The move comes amid heightened scrutiny that colleges are facing over the admissions process and the diversity of their student bodies.
“There are a number of amazing students who may have scored less (on the SAT) but have accomplished more,” David Coleman, chief executive officer of the College Board, told the Journal. “We can’t sit on our hands and ignore the disparities of wealth reflected in the SAT.”
The number will be calculated using 15 factors, the Journal reported, including the crime rate and poverty levels of a student’s high school and neighborhood. Colleges will be able to see the number when considering applicants, but students themselves won’t be told their scores.
According to the Journal, 50 colleges used the adversity score in a beta test last year, and the College Board plans to expand the program to 150 institutions this fall.
CNN is reaching out to the College Board for confirmation of The Wall Street Journal’s report.
According to the Journal, the score does not account for a student’s race. Students are rated on a scale of 1 to 100 based on publicly available data from records such as the US census, Coleman told the paper.
A score of 50 would be considered average, the Journal reported, while a number above 50 indicates hardship, and a number below 50 privilege.
Some parents were found to have paid bribes to have the SAT taken by others for their children. Not all the students were aware of the cheating arranged by their parents, according to the criminal affidavit in the case. No students currently face charges in the scandal.
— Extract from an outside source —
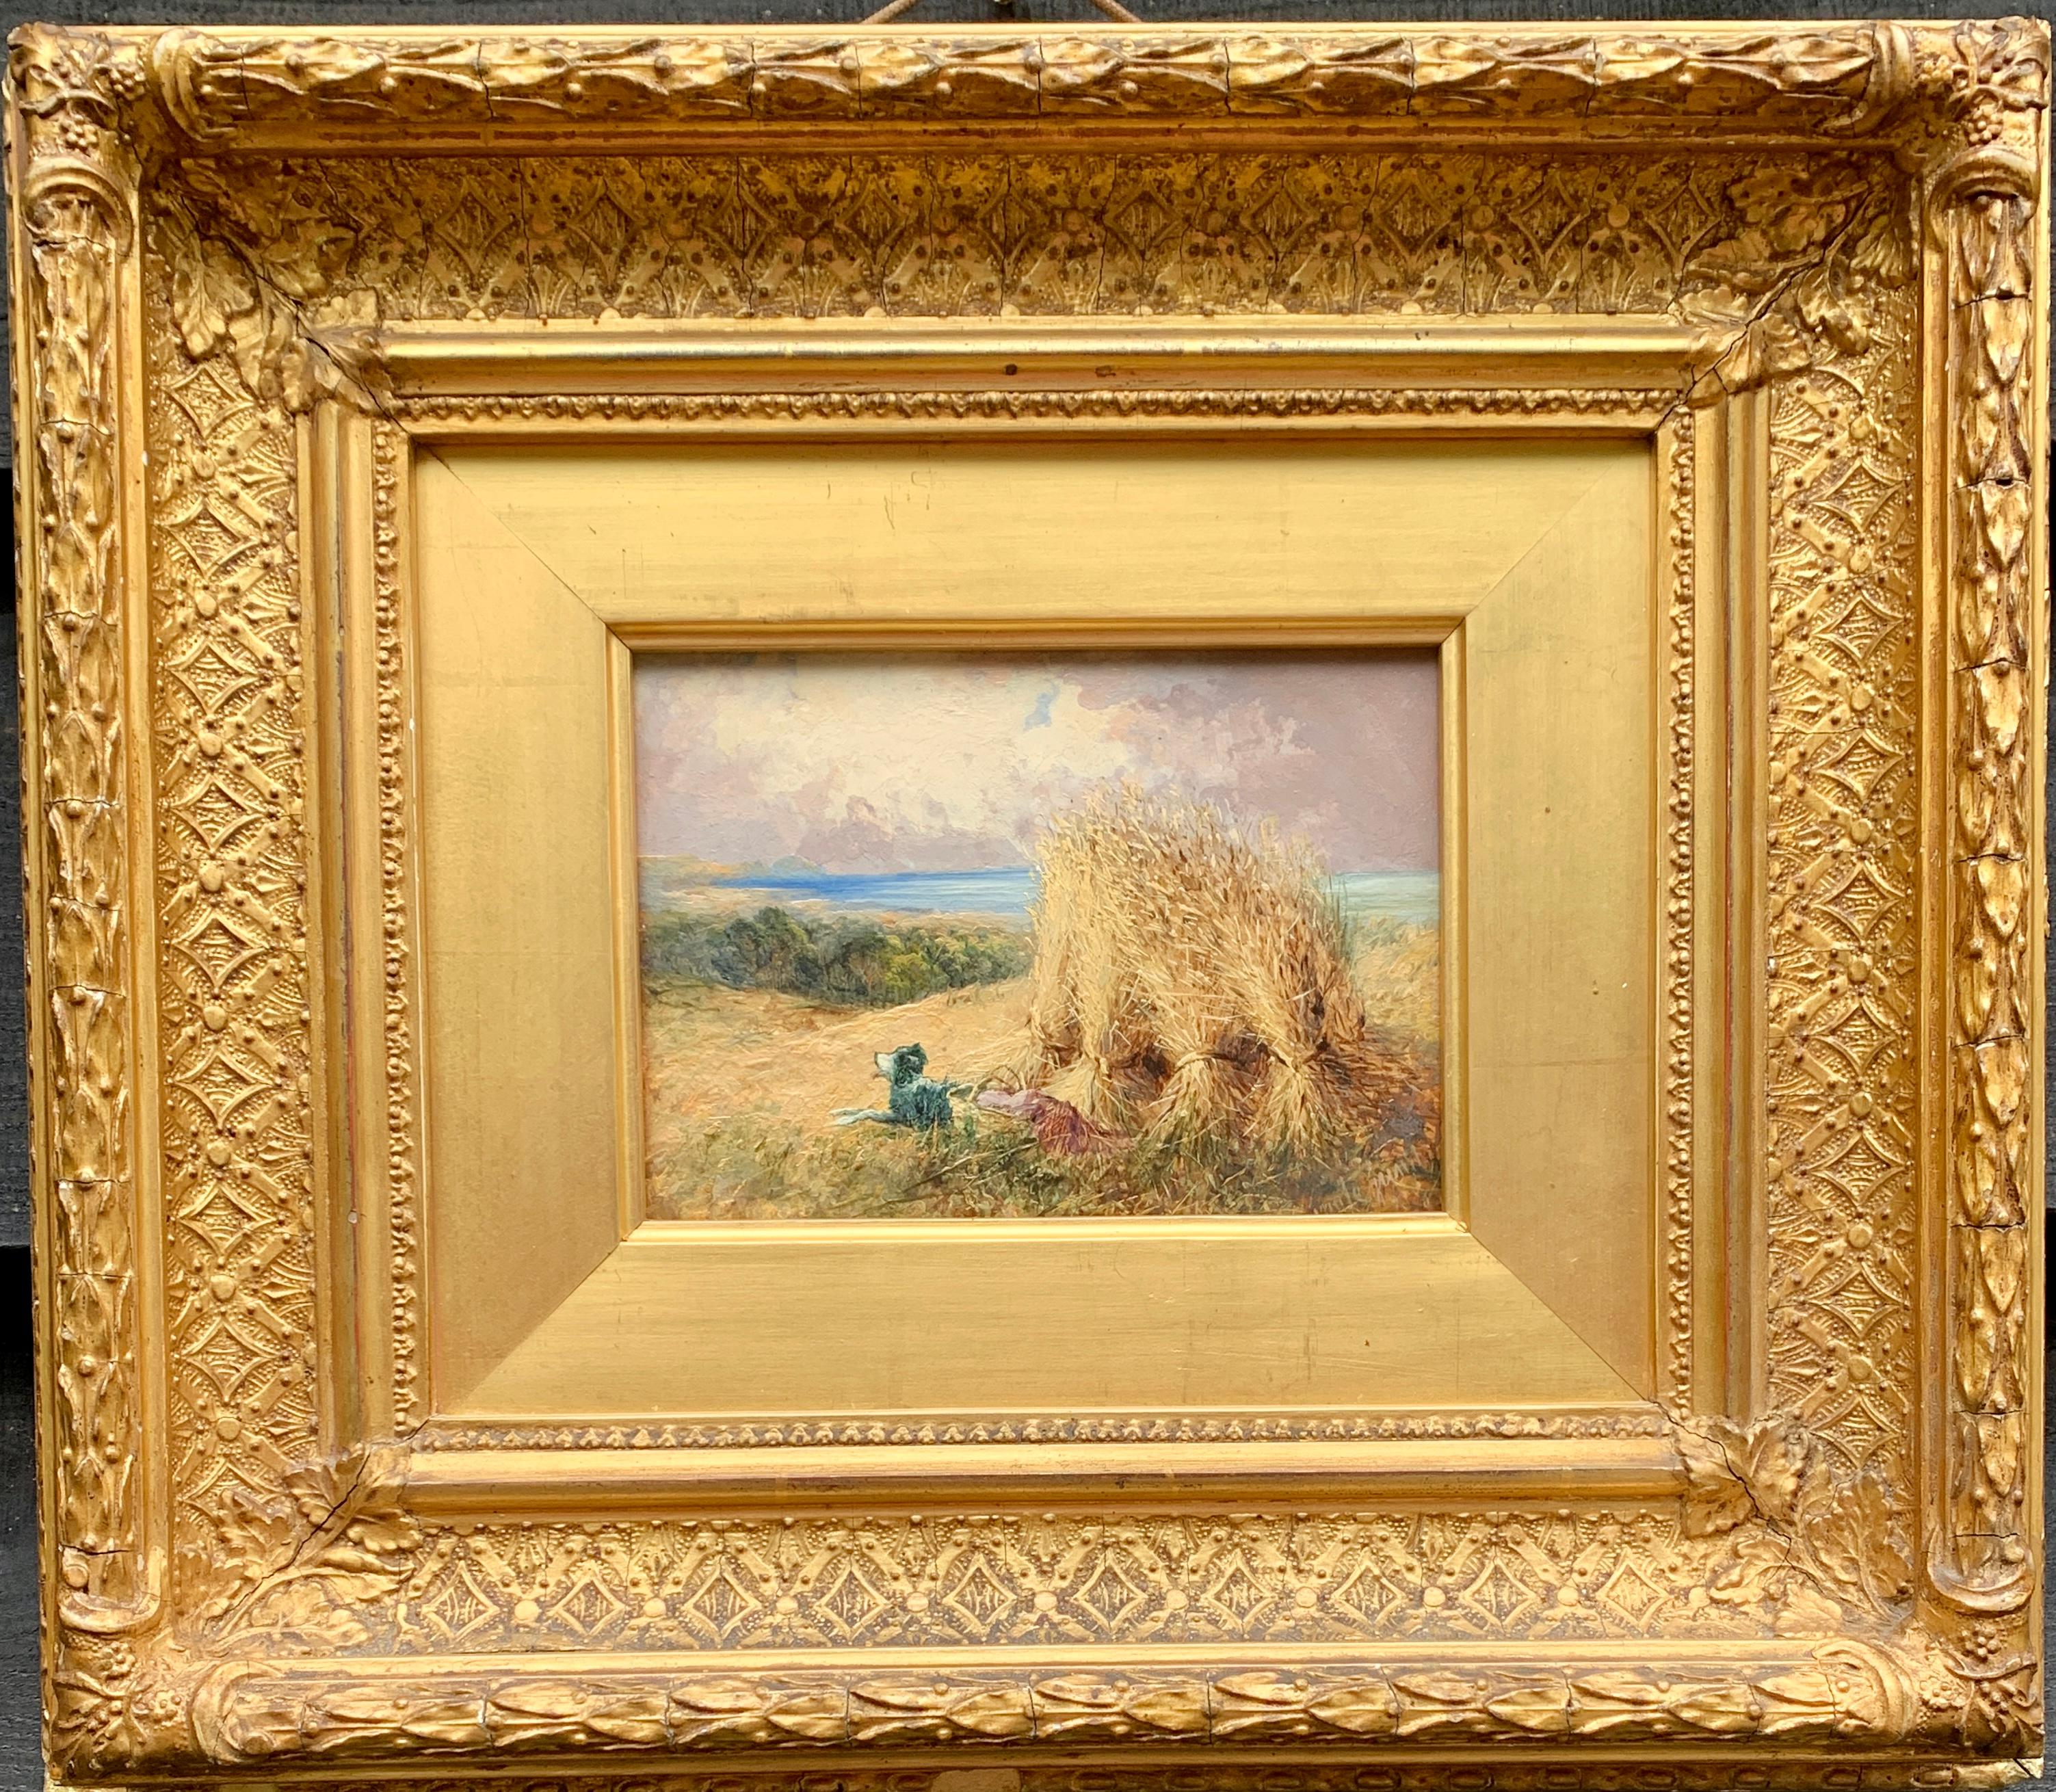 Antique English Harvest landscape with corn stacks, dog and view of the sea

Harvard has denied there is any evidence of stereotyping. A judge has yet to make a ruling in the case.
The College Board has been concerned about income inequality influencing SAT results for a long time. White students scored higher on average than black students and Hispanic students in 2018, while Asian students scored higher on average than white students. And students whose parents are wealthy and college-educated typically did better than their peers.
Yale University was one of the schools that tried using the adversity scores as it worked to increase socioeconomic diversity on its campus.
Jeremiah Quinlan, the school’s dean of undergraduate admissions, told the Journal that Yale has nearly doubled the number of low-income students and those who are first in their families to attend college to about 20% of new students.
“This (adversity score) is literally affecting every application we look at,” Quinlan told the Journal. “It has been a part of the success story to help diversify our freshman class.”